## AIM OF THE TASK
Keep the images out while you retype all of the data exactly.

## DATA SEGMENT
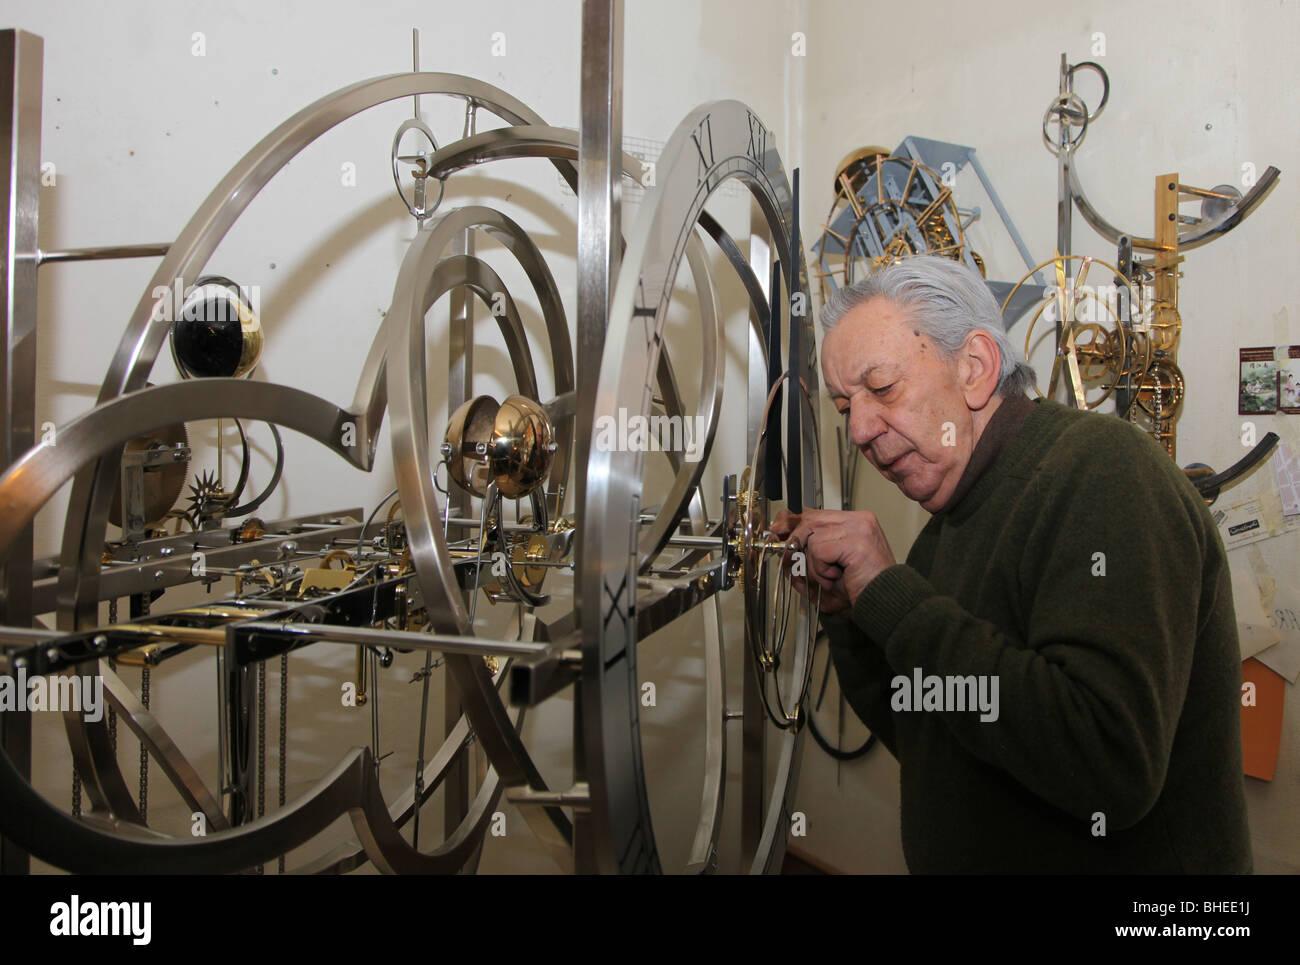 Jean Kazes, master Swiss clockmaker with clock bound for Clochard, New York; Carouge, Geneva, Switzerland - Stock Image
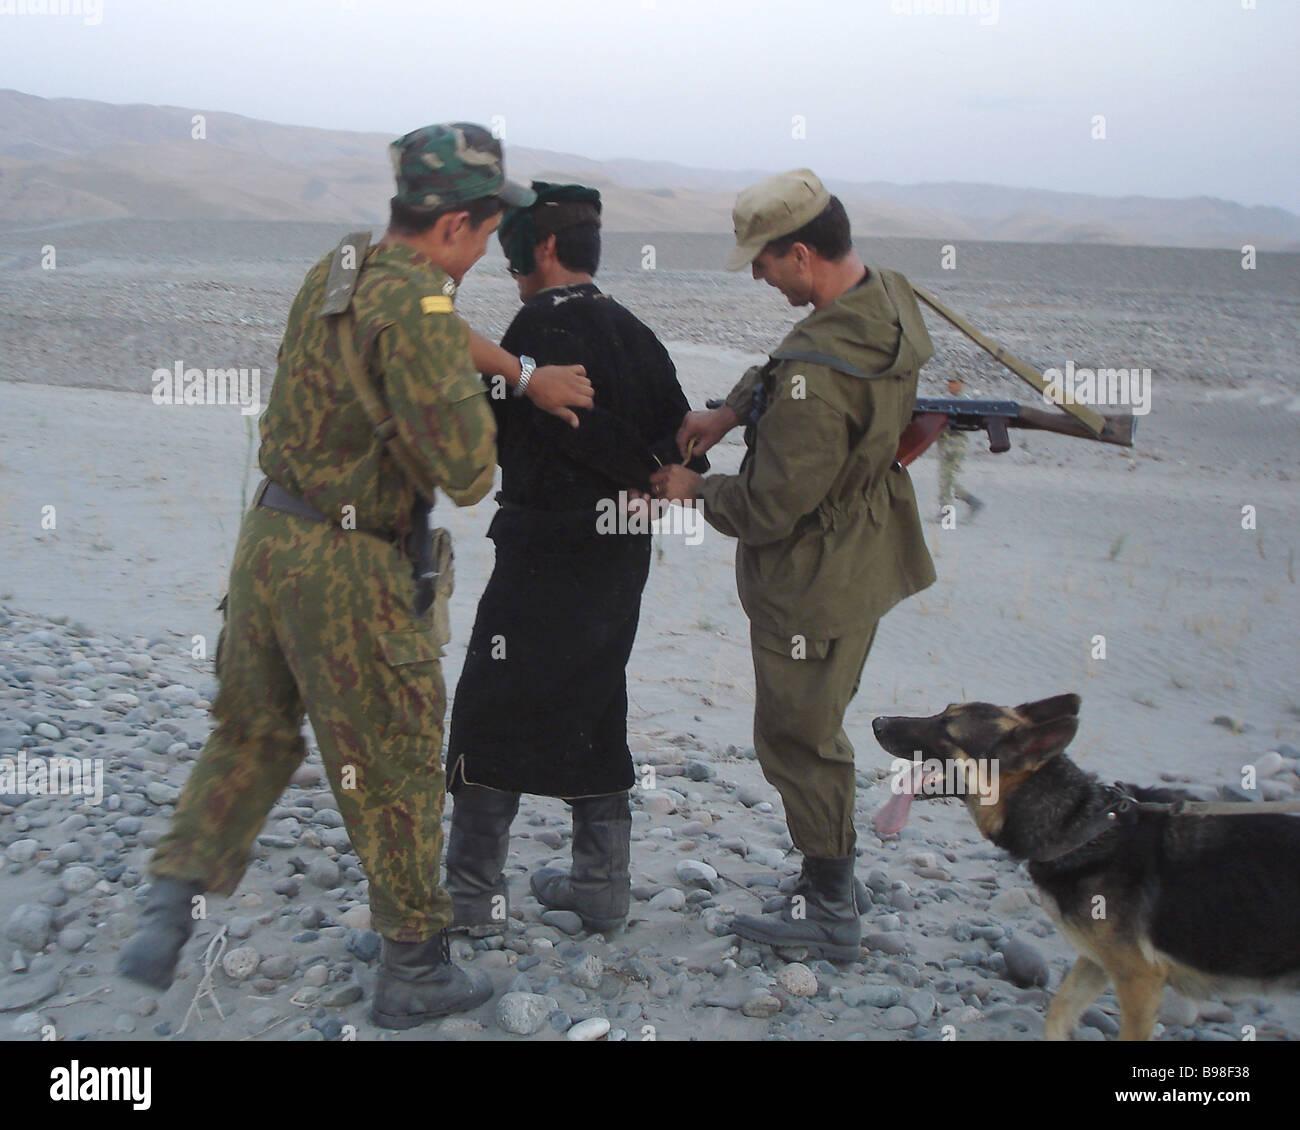 Detaining an Afghan drug smuggler on the Tajik Afghan border the area patrolling by the Pyandzhsky border guard - Stock Image
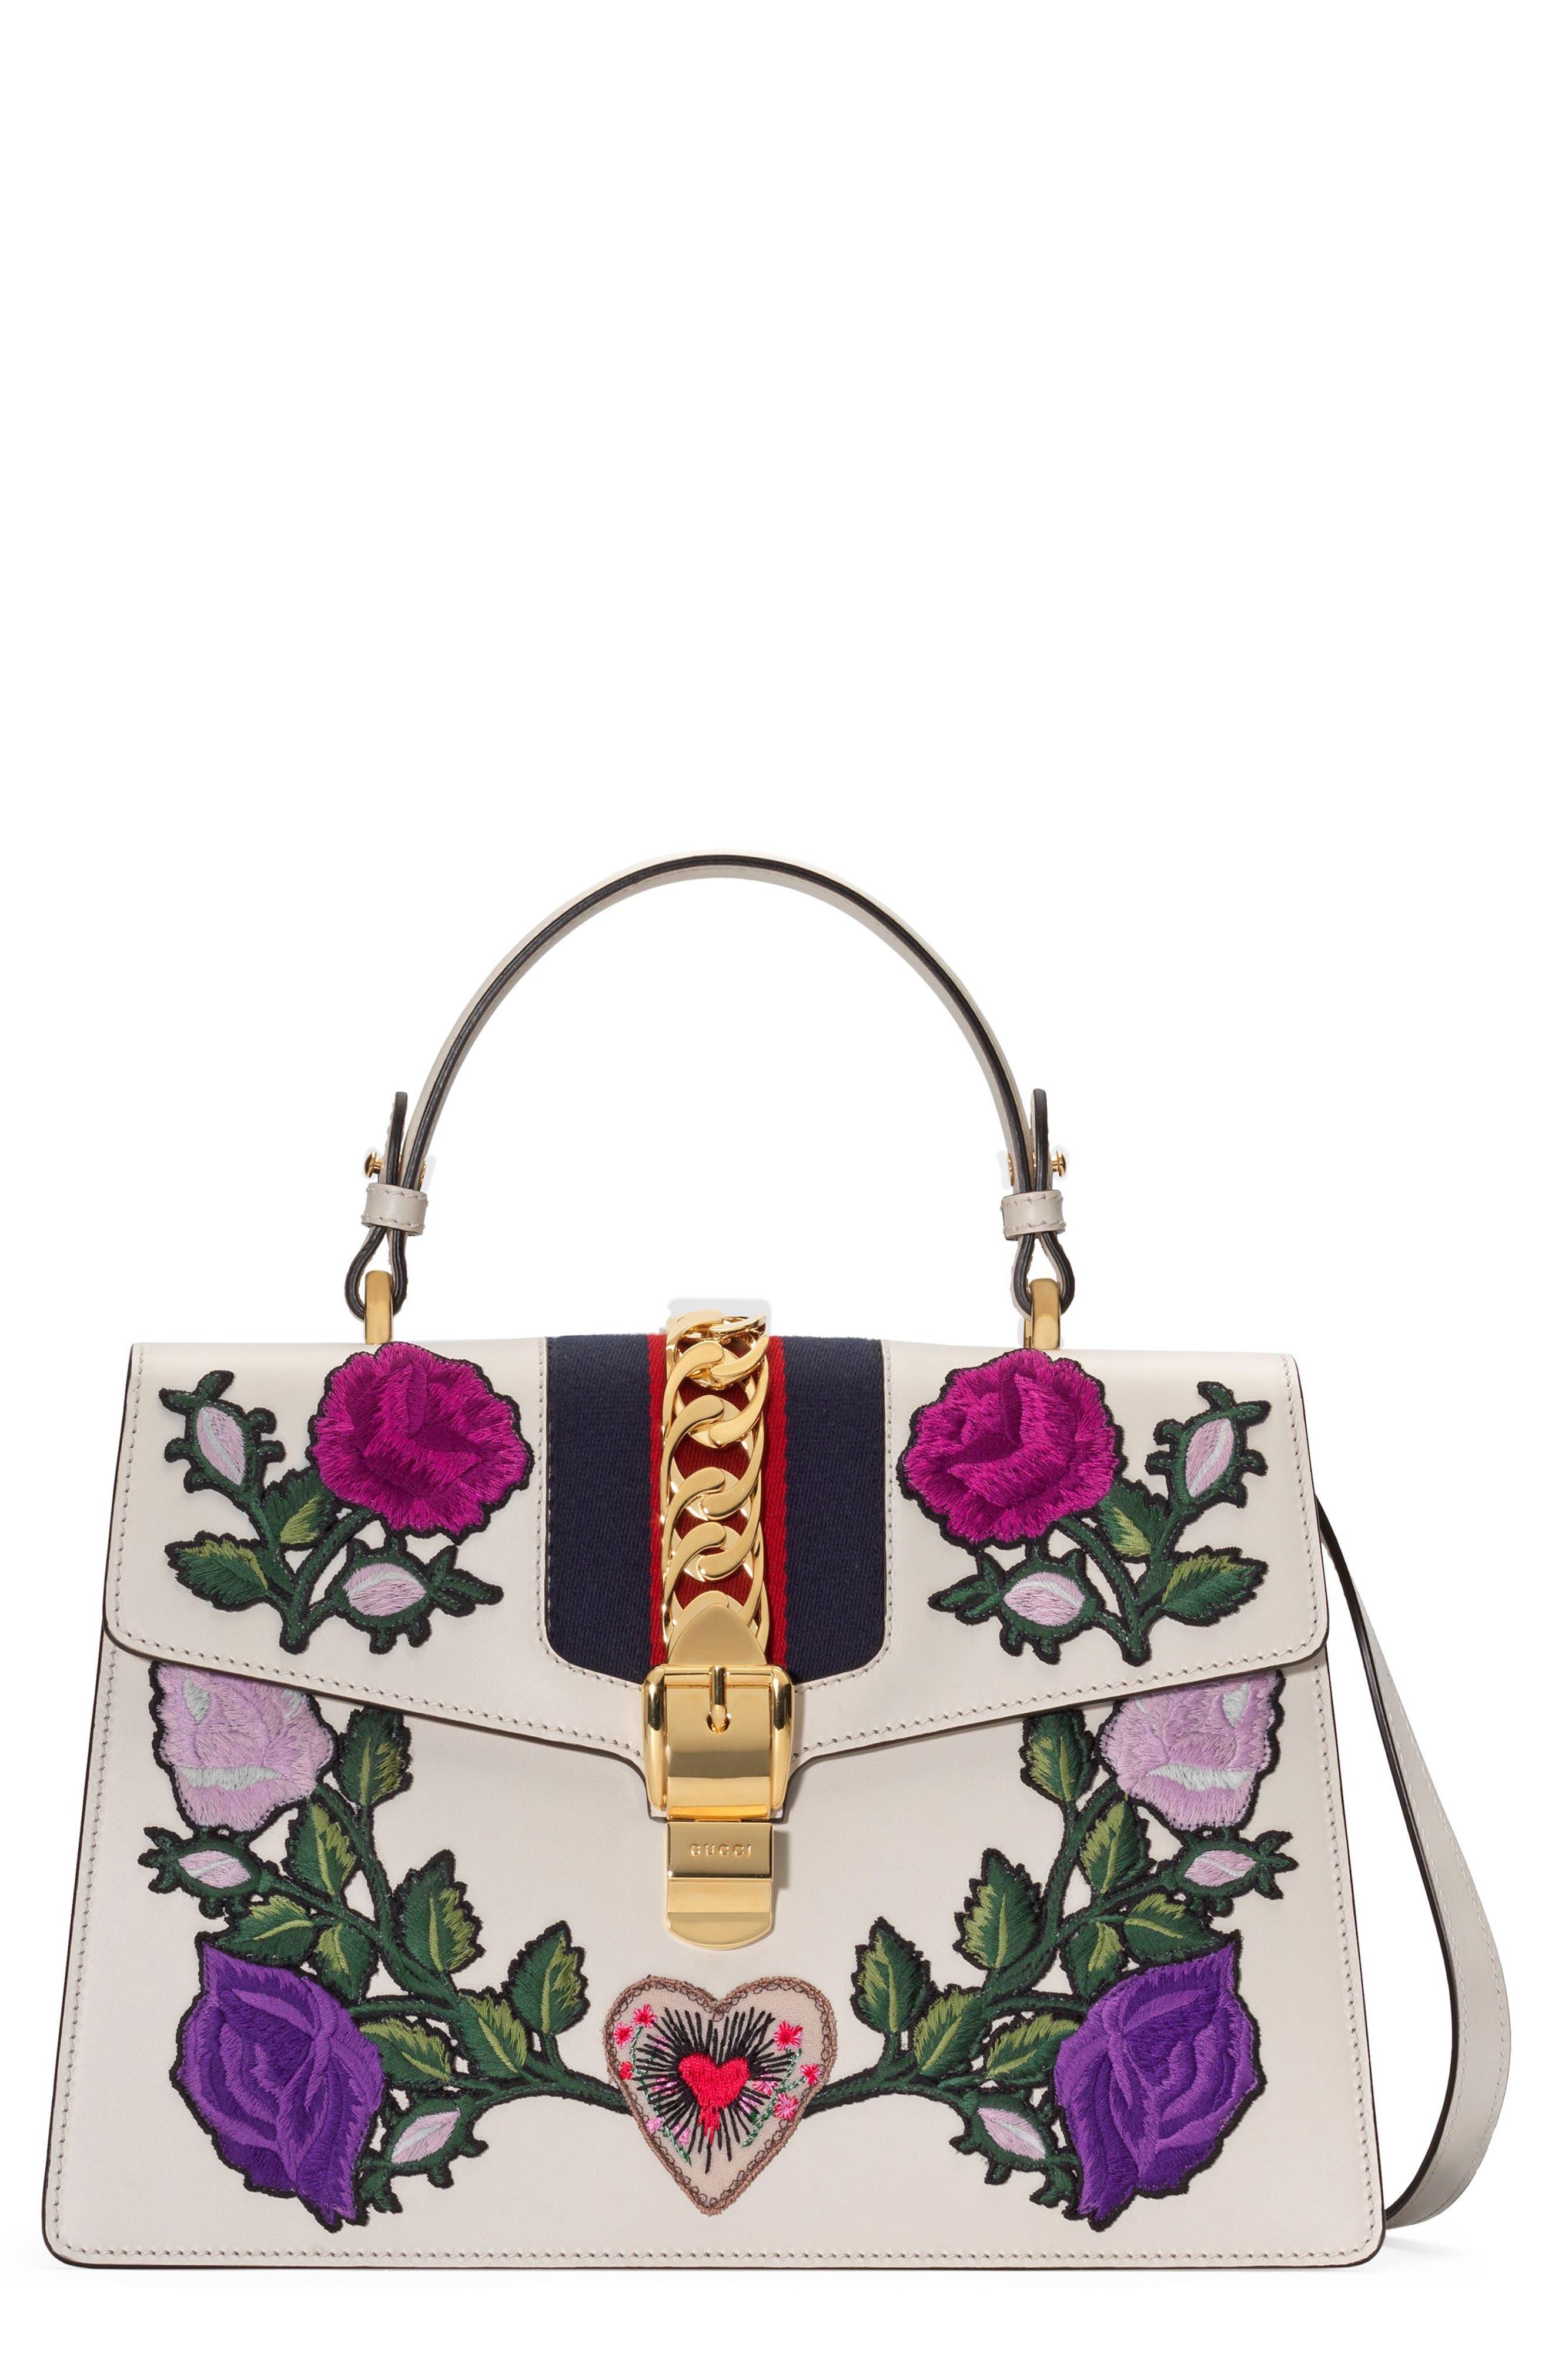 Main Image - Gucci Medium Sylvie Floral Patch Top Handle Leather Shoulder Bag

## RESPONSE
 Jean Kazes, master Swiss clockmaker with clock bound for Clochard, New York; Carouge, Geneva, Switzerland - Stock Image
 Detaining an Afghan drug smuggler on the Tajik Afghan border the area patrolling by the Pyandzhsky border guard - Stock Image
 Main Image - Gucci Medium Sylvie Floral Patch Top Handle Leather Shoulder Bag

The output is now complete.